Bluesky user Chris Offner held a similar opinion, sarcastically noting that “Sora is a data-driven physics engine” while sharing an absolutely bonkers clip of a skier defying most, if not all, known laws of physics.
The Verge also tried out the model, bemoaning the fact that it still couldn’t avoid unsightly inclusions like “additional limbs or distorted objects.”
"Sora is a data-driven physics engine."x.com/chrisoffner3…

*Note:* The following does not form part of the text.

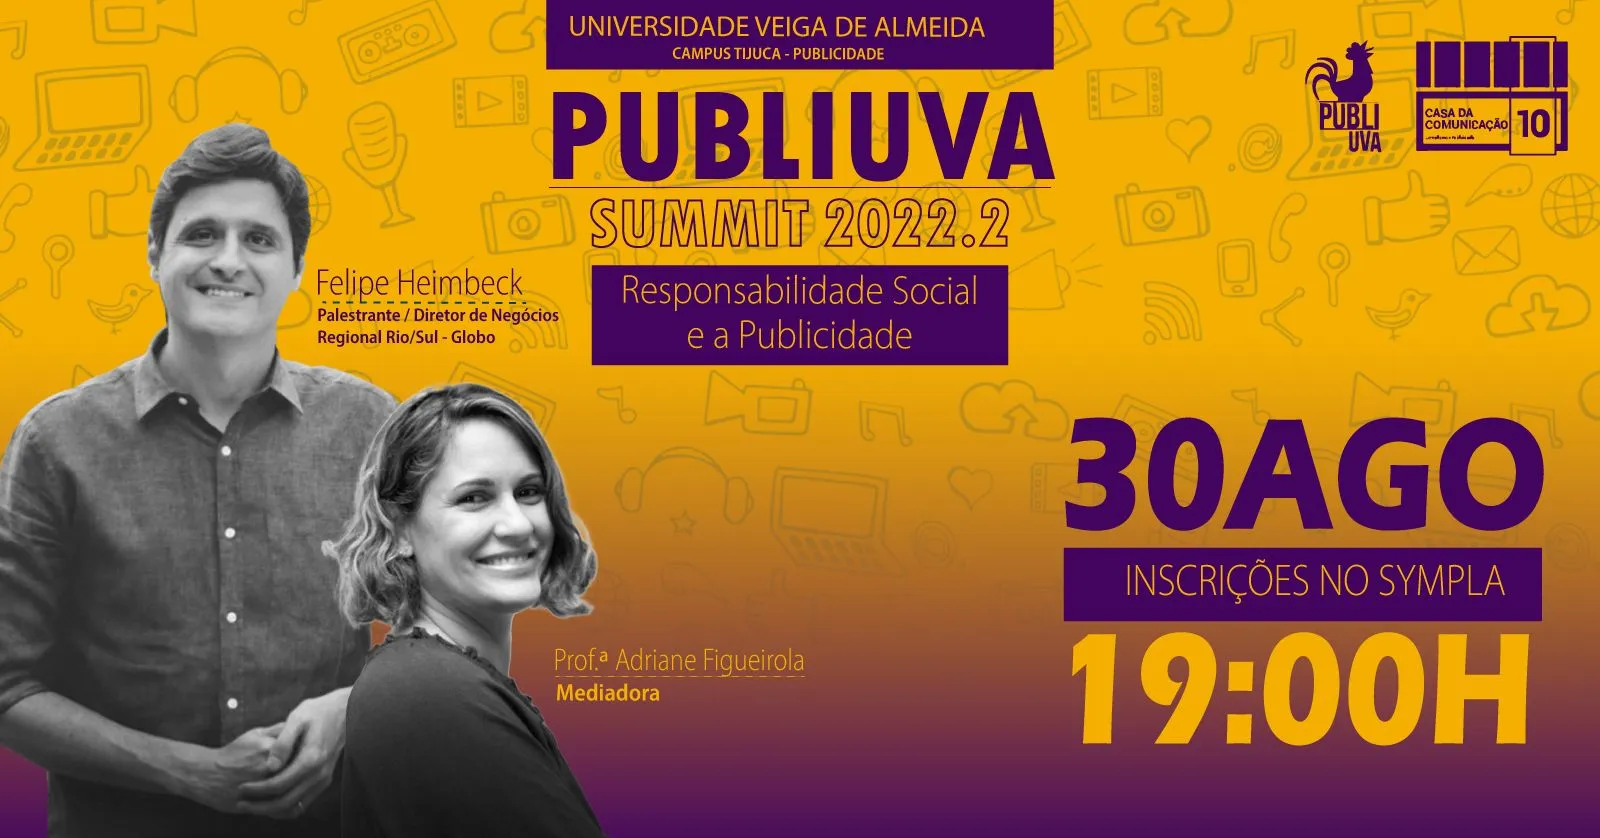 PubliUva Summit 2022.2 - Responsabilidade Social e Publicidade

— Chris Offner (@chrisoffner3d.bsky.social) 2024-12-10T12:42:53.674Z
Not everybody hated Sora on sight, mind you. X user Nathan Shipley showed off the model’s “remix” feature, which enables users to mask a generated video to the movements of objects in an uploaded sample. In this case, he made a generated crane’s head move in the same manner as a pair of scissors he videotaped himself holding.
Sora Remix test: Scissors to crane
Prompt was "Close up of a curious crane bird looking around a beautiful nature scene by a pond. The birds head pops into the shot and then out." pic.twitter.com/CvAkdkmFBQ
— Nathan Shipley (@CitizenPlain) December 10, 2024
There’s no word yet on when the company will be able to reliably reopen account signups for interested Sora users. Whether OpenAI can court Hollywood with Sora in its current state, as Runway recently did with Gen 3 and Lionsgate, also remains to be seen.
One thing remains certain, OpenAI, despite its initial lead in the AI boom, is quickly being surpassed by the rest of the industry, and lackluster product releases like what we just saw with Sora will only further harm the company’s reputation.